*** EXERCISE MATERIALS ***

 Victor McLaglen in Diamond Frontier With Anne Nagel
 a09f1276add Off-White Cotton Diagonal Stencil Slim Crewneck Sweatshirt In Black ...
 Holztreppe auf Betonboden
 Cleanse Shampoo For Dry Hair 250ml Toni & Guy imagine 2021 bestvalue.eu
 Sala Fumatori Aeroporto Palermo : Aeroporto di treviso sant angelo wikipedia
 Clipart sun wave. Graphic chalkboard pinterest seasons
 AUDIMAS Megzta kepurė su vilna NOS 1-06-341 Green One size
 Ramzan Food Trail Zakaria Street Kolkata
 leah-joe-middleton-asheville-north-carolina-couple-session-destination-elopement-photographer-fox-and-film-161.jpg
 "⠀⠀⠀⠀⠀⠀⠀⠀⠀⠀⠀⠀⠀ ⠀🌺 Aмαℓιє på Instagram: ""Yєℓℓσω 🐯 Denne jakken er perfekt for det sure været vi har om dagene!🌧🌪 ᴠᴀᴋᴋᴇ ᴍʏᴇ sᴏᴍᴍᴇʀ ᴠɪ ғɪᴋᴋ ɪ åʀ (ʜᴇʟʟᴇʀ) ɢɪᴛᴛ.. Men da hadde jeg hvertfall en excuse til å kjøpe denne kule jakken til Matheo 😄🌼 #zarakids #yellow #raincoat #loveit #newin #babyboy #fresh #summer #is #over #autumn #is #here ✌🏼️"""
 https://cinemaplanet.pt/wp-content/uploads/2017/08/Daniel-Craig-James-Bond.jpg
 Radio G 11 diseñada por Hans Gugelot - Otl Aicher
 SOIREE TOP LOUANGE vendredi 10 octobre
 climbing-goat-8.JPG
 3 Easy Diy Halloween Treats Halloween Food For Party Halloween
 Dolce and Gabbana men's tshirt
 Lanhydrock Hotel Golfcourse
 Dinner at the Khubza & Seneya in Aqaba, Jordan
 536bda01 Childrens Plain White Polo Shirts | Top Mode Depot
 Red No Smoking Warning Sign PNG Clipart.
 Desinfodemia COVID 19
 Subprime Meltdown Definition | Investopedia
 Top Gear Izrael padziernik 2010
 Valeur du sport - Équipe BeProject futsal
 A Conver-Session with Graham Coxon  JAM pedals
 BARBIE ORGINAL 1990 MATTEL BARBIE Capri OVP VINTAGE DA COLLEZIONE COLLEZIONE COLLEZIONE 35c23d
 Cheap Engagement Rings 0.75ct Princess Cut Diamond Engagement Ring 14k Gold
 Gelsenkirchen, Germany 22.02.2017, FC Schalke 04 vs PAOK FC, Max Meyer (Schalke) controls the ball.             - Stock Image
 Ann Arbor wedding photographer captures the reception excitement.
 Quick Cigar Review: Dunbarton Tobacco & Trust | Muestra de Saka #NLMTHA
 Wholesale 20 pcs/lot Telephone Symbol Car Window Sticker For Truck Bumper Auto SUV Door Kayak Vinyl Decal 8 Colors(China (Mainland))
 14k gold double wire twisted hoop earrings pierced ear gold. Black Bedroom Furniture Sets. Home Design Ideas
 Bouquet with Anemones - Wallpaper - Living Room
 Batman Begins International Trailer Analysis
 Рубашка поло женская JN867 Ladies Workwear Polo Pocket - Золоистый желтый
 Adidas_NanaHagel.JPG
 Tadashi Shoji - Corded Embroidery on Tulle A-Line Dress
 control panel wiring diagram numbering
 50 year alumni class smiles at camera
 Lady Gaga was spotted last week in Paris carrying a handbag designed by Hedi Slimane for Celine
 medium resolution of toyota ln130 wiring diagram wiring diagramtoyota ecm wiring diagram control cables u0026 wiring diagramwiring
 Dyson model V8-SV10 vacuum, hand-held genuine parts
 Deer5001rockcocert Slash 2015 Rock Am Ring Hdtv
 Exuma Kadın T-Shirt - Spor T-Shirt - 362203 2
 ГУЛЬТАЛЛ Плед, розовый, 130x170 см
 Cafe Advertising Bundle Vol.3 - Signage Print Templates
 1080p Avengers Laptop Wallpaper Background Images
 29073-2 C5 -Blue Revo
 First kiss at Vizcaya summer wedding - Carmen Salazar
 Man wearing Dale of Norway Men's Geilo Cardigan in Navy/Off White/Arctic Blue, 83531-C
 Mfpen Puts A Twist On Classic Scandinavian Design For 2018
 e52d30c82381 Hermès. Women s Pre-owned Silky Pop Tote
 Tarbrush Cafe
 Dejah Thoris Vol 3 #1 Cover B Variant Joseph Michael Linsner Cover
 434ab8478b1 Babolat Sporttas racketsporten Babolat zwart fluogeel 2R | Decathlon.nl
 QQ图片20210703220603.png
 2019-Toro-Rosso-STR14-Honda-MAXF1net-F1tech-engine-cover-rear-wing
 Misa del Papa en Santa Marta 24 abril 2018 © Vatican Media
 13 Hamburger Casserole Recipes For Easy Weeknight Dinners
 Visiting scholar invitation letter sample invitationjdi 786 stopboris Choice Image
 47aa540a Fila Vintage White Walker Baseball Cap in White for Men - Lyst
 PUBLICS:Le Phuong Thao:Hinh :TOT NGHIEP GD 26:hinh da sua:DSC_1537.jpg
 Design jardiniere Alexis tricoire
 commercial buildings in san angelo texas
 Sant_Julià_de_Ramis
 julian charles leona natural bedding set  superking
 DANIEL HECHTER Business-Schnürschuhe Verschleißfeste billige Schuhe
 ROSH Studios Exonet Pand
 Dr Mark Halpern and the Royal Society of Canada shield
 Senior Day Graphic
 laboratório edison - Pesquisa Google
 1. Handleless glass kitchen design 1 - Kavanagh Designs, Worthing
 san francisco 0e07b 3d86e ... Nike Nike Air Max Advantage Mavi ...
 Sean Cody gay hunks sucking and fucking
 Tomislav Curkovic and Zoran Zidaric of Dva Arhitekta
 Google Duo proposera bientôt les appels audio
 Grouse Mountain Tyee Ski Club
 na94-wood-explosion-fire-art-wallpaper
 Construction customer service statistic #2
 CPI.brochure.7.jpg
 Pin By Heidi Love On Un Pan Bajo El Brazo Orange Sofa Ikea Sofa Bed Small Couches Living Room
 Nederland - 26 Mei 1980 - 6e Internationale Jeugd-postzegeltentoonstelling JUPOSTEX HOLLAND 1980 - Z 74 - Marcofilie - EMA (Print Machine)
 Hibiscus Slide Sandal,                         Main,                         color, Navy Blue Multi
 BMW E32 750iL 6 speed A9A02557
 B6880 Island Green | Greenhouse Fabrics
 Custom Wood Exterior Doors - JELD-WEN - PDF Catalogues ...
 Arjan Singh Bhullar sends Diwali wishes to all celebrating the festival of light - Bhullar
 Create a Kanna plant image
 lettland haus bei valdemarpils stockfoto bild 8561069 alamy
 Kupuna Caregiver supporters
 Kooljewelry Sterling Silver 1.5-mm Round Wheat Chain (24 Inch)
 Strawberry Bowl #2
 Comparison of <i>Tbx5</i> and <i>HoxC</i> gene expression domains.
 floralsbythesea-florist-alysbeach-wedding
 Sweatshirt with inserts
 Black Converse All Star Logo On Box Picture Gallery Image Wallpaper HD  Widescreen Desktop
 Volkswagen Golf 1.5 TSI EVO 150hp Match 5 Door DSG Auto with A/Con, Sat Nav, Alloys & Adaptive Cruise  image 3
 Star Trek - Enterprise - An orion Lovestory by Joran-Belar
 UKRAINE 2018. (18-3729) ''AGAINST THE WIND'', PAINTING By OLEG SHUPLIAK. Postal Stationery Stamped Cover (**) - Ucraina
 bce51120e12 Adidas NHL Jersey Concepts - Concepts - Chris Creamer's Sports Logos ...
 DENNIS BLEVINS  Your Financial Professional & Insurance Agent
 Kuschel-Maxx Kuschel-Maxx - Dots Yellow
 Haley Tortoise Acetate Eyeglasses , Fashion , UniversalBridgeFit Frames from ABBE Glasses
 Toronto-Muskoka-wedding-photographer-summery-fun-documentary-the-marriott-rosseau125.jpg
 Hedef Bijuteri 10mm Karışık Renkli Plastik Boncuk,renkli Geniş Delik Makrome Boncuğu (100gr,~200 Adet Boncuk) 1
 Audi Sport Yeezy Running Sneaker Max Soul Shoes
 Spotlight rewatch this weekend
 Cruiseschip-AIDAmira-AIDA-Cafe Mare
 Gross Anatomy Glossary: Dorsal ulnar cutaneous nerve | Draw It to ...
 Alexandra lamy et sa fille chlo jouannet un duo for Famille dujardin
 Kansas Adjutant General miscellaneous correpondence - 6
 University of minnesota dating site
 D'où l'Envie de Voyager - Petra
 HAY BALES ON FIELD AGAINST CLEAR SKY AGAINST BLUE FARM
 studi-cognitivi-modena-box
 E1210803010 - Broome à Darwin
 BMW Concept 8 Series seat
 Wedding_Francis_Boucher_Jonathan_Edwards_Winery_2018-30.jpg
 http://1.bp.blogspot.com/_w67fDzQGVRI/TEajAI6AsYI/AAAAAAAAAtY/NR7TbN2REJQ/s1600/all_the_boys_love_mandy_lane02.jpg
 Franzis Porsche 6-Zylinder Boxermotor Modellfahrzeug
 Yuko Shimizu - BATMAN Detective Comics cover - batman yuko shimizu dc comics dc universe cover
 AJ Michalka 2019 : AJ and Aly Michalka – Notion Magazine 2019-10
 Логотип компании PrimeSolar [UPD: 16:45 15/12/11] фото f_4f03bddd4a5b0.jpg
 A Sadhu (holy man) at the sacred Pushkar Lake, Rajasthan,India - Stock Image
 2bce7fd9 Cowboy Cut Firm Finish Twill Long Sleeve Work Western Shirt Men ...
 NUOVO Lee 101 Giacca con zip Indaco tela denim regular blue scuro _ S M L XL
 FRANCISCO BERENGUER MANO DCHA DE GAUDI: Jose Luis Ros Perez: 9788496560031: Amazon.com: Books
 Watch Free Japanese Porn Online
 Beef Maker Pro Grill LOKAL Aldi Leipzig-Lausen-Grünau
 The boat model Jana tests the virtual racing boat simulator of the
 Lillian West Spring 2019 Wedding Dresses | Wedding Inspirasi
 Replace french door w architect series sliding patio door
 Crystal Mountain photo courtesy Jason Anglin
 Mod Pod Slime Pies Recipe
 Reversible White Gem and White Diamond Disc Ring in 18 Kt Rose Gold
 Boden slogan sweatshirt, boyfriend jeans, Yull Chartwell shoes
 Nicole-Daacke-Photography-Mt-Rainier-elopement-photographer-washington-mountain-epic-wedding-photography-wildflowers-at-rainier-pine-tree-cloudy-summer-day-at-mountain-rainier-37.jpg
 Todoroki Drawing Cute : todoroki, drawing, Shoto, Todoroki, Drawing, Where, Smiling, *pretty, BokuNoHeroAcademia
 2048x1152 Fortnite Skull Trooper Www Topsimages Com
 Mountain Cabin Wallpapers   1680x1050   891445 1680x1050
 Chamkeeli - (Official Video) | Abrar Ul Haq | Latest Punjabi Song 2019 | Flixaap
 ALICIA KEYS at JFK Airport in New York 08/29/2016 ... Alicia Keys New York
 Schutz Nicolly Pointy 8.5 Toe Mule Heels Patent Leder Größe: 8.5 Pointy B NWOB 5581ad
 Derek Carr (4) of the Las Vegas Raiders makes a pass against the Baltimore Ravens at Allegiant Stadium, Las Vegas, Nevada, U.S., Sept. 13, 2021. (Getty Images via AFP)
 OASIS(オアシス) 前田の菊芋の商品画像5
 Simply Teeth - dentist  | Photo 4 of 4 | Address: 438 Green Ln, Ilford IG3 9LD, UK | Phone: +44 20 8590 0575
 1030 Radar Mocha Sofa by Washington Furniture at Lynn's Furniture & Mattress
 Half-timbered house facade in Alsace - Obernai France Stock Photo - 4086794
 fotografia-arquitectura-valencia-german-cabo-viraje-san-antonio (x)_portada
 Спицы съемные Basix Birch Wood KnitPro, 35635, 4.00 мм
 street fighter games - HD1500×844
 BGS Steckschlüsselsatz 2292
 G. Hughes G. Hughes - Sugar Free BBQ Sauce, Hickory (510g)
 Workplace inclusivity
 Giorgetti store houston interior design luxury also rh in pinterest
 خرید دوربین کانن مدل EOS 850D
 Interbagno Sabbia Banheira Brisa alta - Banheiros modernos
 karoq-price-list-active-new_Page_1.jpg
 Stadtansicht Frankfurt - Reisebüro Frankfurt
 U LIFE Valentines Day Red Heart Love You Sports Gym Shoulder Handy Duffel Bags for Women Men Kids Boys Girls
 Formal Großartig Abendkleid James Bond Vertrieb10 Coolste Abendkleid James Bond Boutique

*** End of EXERCISE MATERIALS ***

YOUR OBJECTIVE:
All lines holding the word "Cafe" must be copied from the data.

WRITTEN REPLY:
 Cafe Advertising Bundle Vol.3 - Signage Print Templates
 Tarbrush Cafe
 Cruiseschip-AIDAmira-AIDA-Cafe Mare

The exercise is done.